Null pointer check elimination follows the same logic. If a pointer is dereferenced, the compiler may conclude it was non-null at the point of dereference, and use that inference to eliminate null checks elsewhere in the same function. A Linux kernel tun device vulnerability from 2009 worked exactly this way: GCC eliminated a null check because the pointer had already been used before the check. Both GCC and the standard agreed the transformation was correct. The exploitable behavior was the result of the compiler doing its job faithfully.

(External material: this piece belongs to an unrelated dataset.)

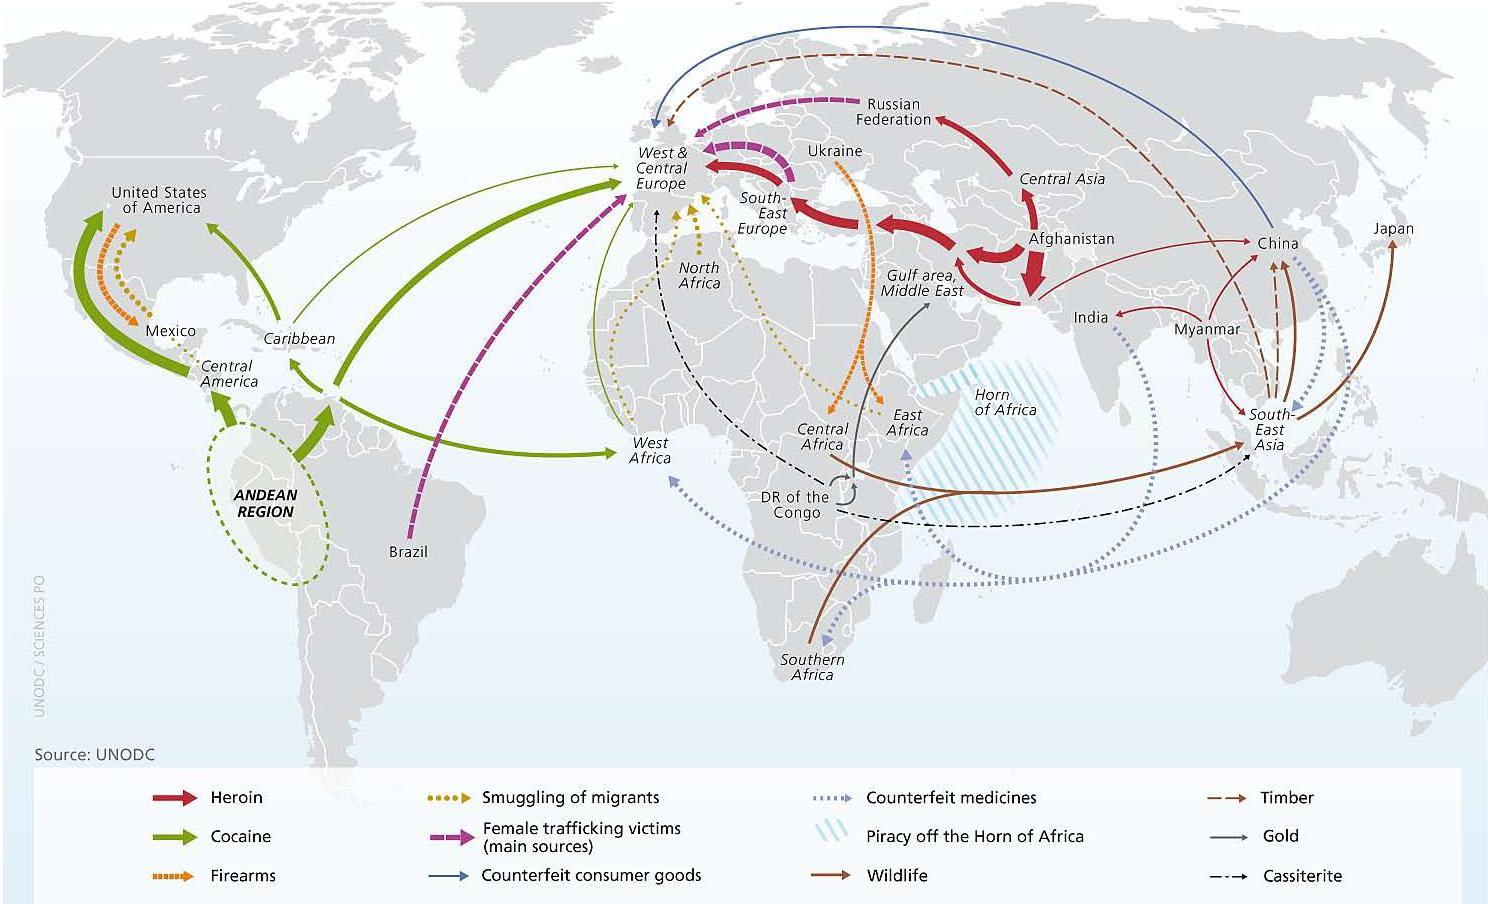 UNODC drug maps

Strict aliasing produces similar surprises. The rule in C11 section 6.5p7 says an object may only be accessed through an expression of a compatible type. Accessing a float through an int * is undefined behavior:

float f = 3.14f;
int i = *(int *)&f;  /* UB: strict aliasing violation */

Because the compiler may assume this never happens, it can reorder loads and stores across incompatible pointer types freely. Serialization code, hardware register access, and protocol parsing code that relies on type-punning through casts violates this rule. The correct replacement is memcpy, which compilers optimize to a register move:

int i;
memcpy(&i, &f, sizeof i);  /* defined behavior, same codegen */

But the unsafe version had been working for decades before compilers started exploiting the rule aggressively. The change in compiler behavior was not a specification change; the language had always said this was undefined. The compilers just started caring.

The Defensive Ecosystem

The response from the C community was not to wait for the standard to act. Practitioners built compiler flags that individually walk back specific UB exploitation behaviors, and those flags became standard configuration in security-sensitive and systems software.

The Linux kernel is the most visible example. Its build configuration has carried -fwrapv for years, which tells GCC and Clang to define signed integer overflow as two’s-complement wraparound. It added -fno-strict-aliasing to disable alias optimization based on type incompatibility. It added -fno-delete-null-pointer-checks to prevent null check elimination. More recently, -ftrivial-auto-var-init=zero was adopted to zero-initialize automatic variables and prevent information leaks through uninitialized memory.

Each of these flags is an implicit admission that the standard’s UB category is too broad for practical systems programming. The Linux kernel is not an unusual case; it is one of the few projects large enough that the cumulative effect of UB exploitation became visible and documented. Other projects apply similar flag sets without publicizing them.

The sanitizer tooling grew from the same pressure. Clang’s UBSan inserts runtime checks for signed overflow, null pointer dereference, misaligned access, and dozens of other UB categories. MemorySanitizer tracks memory initialization state and traps on uninitialized reads. AddressSanitizer detects out-of-bounds access and use-after-free through shadow memory.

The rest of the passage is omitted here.